Он так воодушевленно и искренно это сказал, что мне стало стыдно за свою ложь. Получалось, что я с первым-то взносом его и обманул. И как теперь может «пойти дело», если в нем изначально неправда скрыта? Но теперь было поздно что-то разъяснять, и я стушевался.
— Куда после отправимся? — спросил, подходя к Павлу, Заболотный. — Ты вроде решил к Петру Григорьевичу Иерусалимскому заехать?
— Надо. Но хотелось бы переговорить и с батюшкой, отцом Димитрием.
Я знал, о ком идет речь, это была почти легендарная личность. Мне тоже очень не терпелось с ним повидаться. Я был у него вместе с Павлом всего раза три, но вынес в душе столько, что хватило бы на много лет вперед.
— Оно, конечно, пользительно, — сказал Заболотный, — но ведь батюшка тебе средствами-то не поможем.
— А мне от него лишь совет нужен, — ответил Павел. — Иные слова дороже денег.
— Тут я с тобой, пожалуй, соглашусь. Но я и о твоей просьбе не забыл. Насчет бандитов. Звоню уже, авось встретимся. А что же наши переговорщики все не выходят?
Заболотный поглядел на часы, стал расхаживать по кают-компании.
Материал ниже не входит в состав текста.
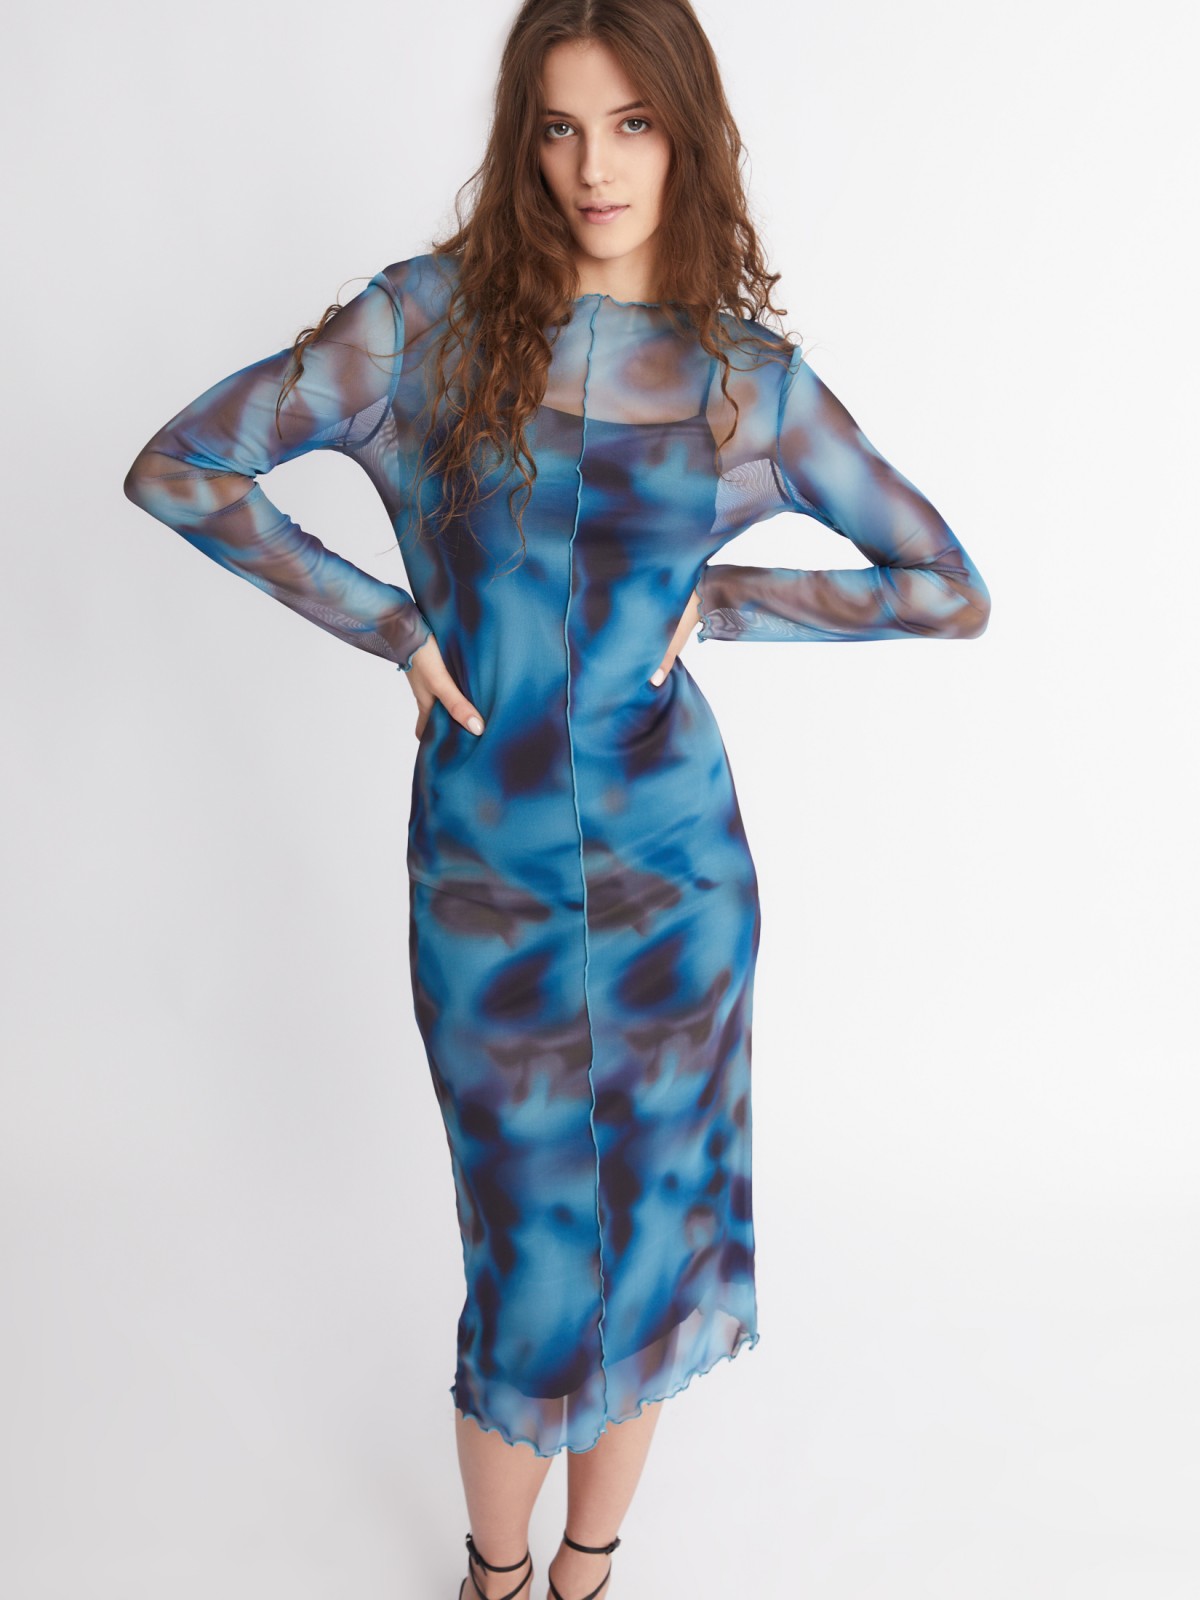 Платье из сетчатой ткани длины миди с акцентным принтом и фактурными строчками zolla 223338155111, цвет голубой, размер S - фото 1

Он мне всё больше напоминал большого кота, умеющего быть и ласковым, когда его гладит хозяйка, и хитрым, при ловле мышей, и всяким, лишь прикажите.
— Не мельтеши, сядь, — сказал я.
Заболотный рассеянно посмотрел на меня, но продолжал ходить.
— А хорошо бы отправиться на этом корабле в такую землю, где нет бога, — произнес он вдруг. И тут же добавил: — Не набрасывайтесь на меня все сразу, я просто имею в виду, что есть же такие богом забытые места, где нет ничего, вот там-то и размахнуться можно, создать Нечто.
— Это место — пустота, — ответил Павел. — И создашь ты там лишь Вавилонскую башню.
— Ну, так, так, — кивнул Заболотный. — Я всего-то так, к примеру. Мысли вслух.
В кают-компанию вошли Игнатов и Борис Львович. И по их лицам я понял, что они не договорились.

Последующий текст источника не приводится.